_ACTIVITY:_ Take the lines from the one containing "Communaute Chorus Pro" through the end of the material and write them out exactly, omitting pictures.

_DATASET SECTION:_
########
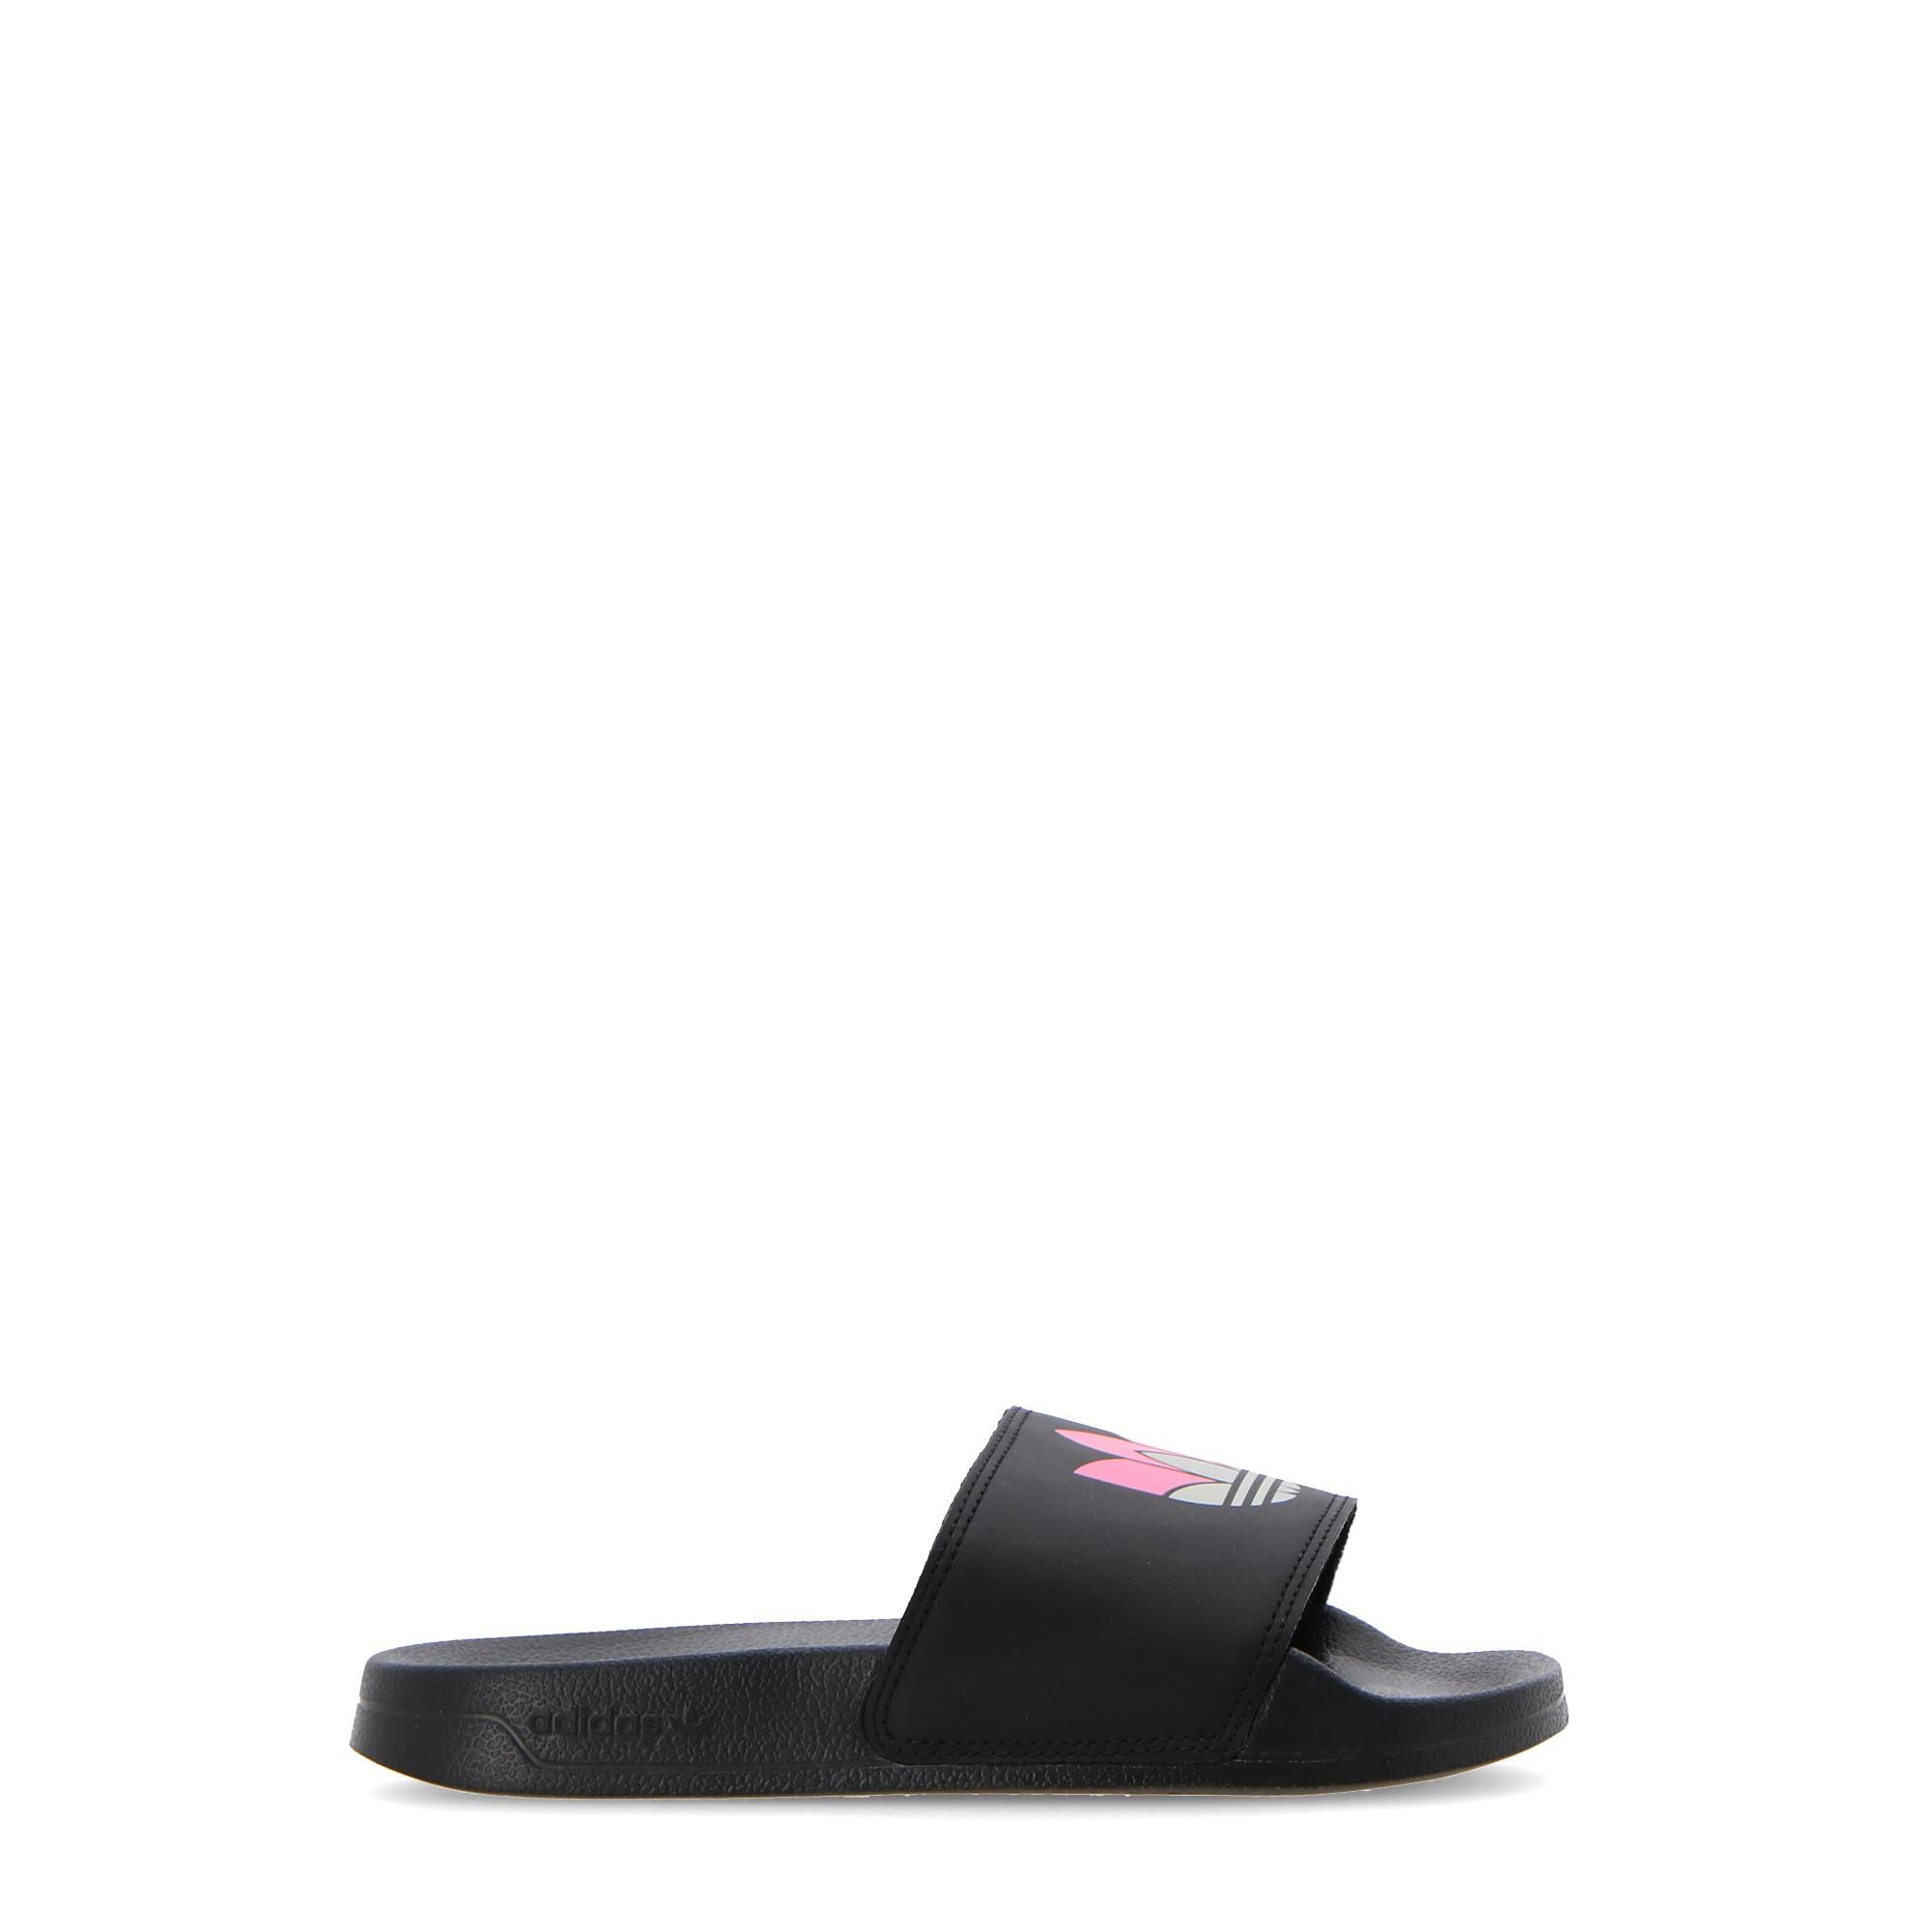 Adidas Adilette Lite W Core black grey two shock pink
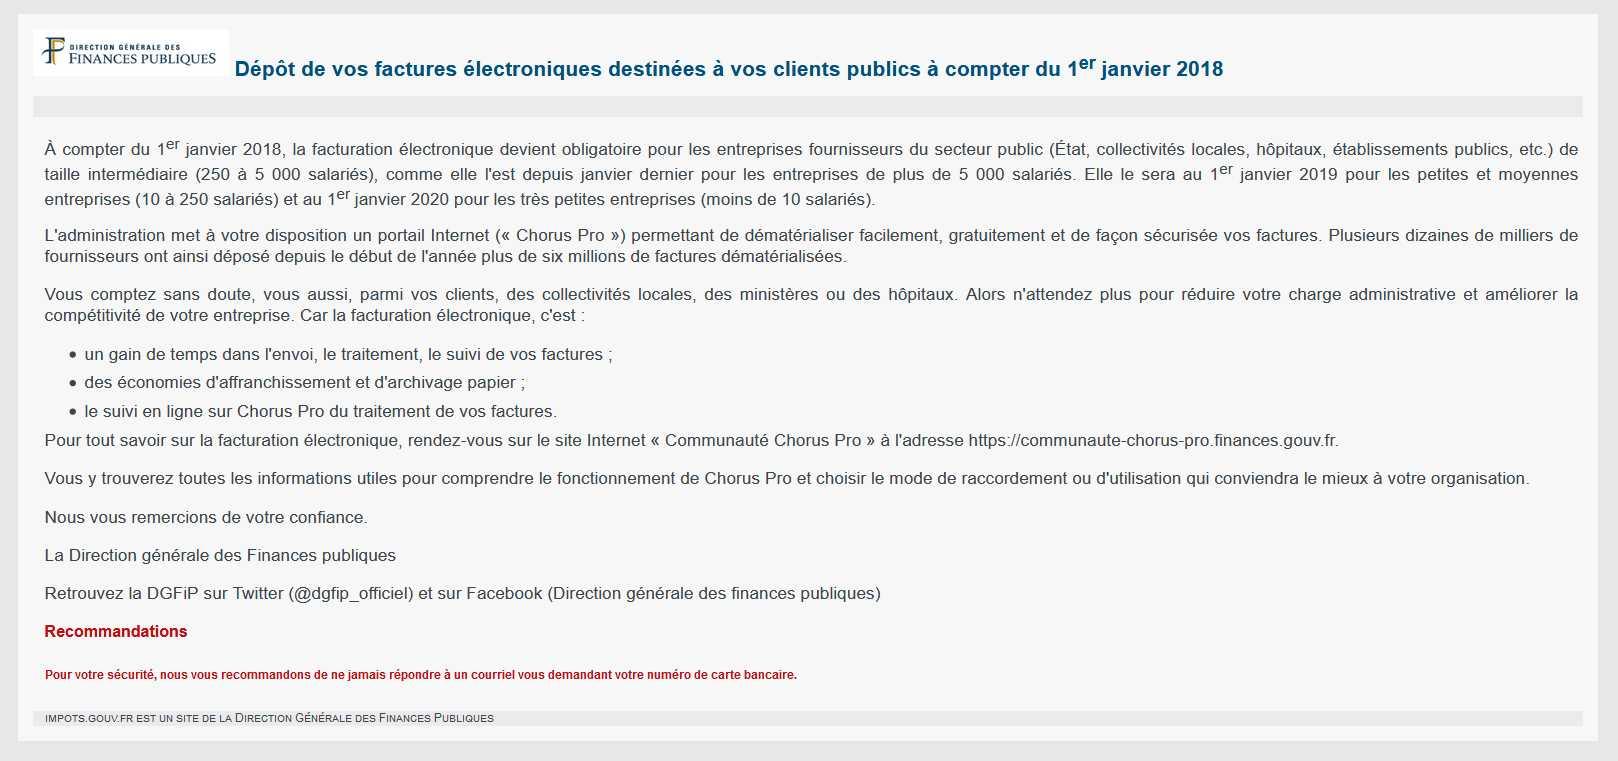 Communaute Chorus Pro Etape 2 Kanada Versicherung
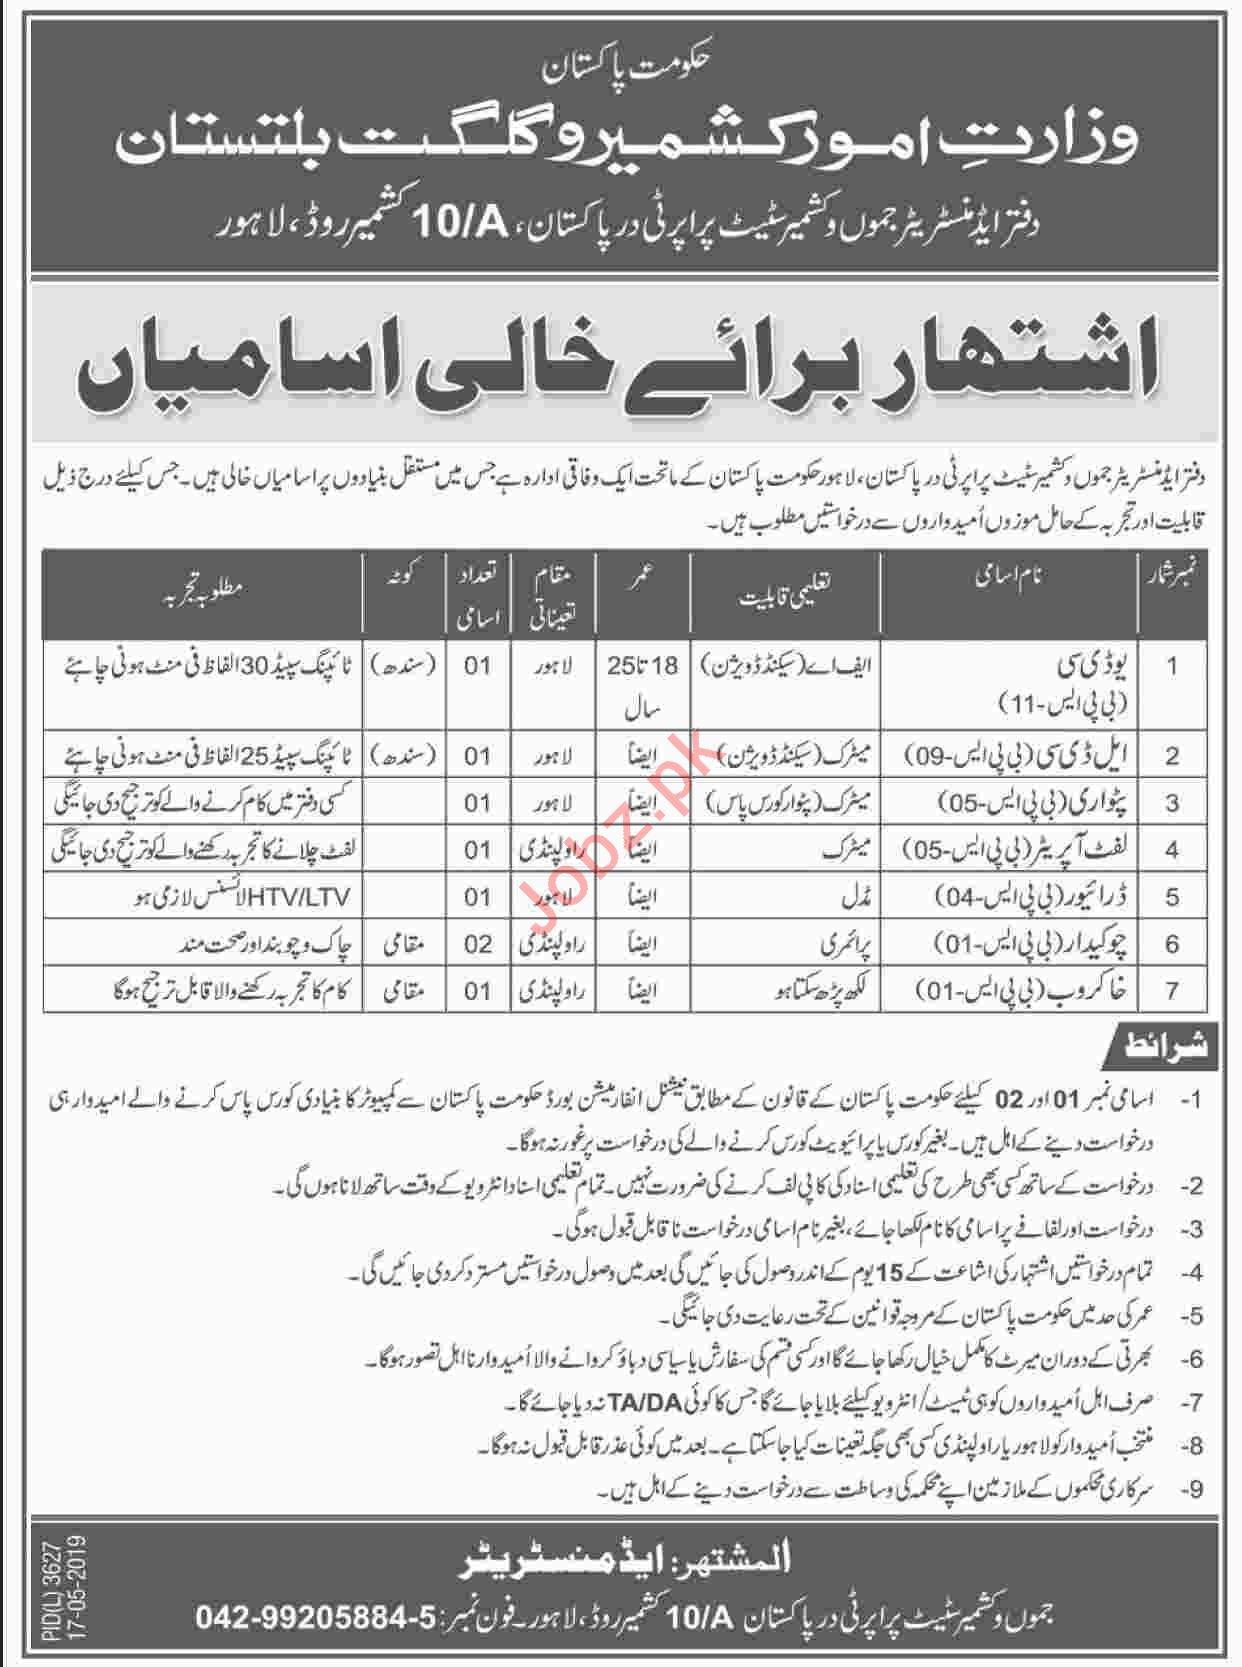 Ministry of Kashmir Affairs & Gilgit Baltistan Jobs 2019
########
_TASK SOLUTION:_
 Communaute Chorus Pro Etape 2 Kanada Versicherung
 Ministry of Kashmir Affairs & Gilgit Baltistan Jobs 2019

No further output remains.